WHAT IS NEEDED → When you reach the line in the data below that contains "View across the", please start repeating lines exactly, and stop after the line that contains "Wig Coloring/Highlights", repeating nothing else.
SUPPLIED ENTRIES START
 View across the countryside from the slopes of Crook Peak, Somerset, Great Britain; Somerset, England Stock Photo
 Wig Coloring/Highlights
SUPPLIED ENTRIES END
SUPPLIED ENTRIES START
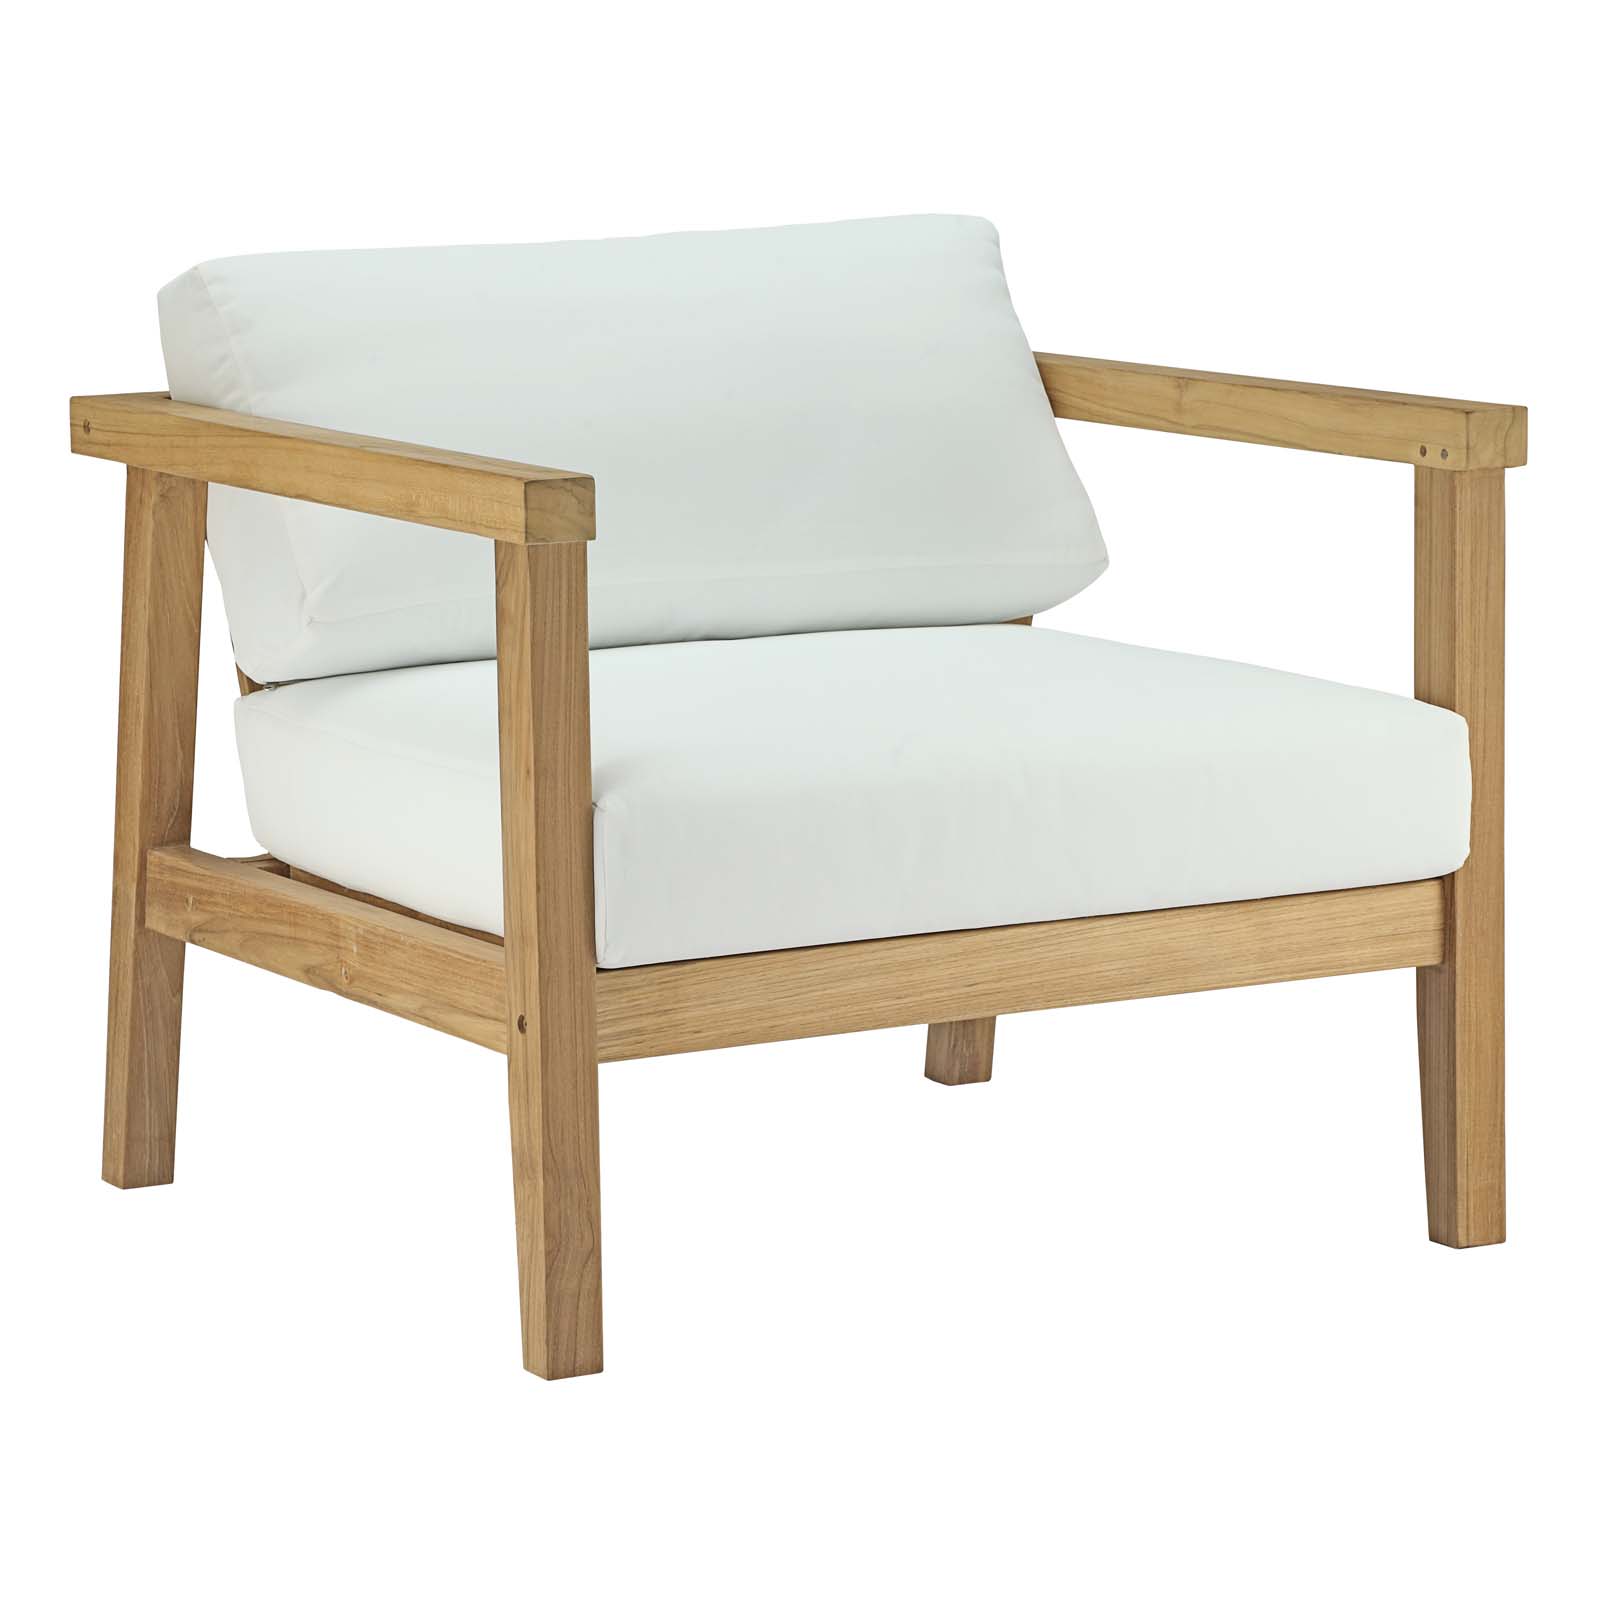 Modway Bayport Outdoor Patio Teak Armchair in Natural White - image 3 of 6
SUPPLIED ENTRIES END
WRITTEN ANSWER →
 View across the countryside from the slopes of Crook Peak, Somerset, Great Britain; Somerset, England Stock Photo
 Wig Coloring/Highlights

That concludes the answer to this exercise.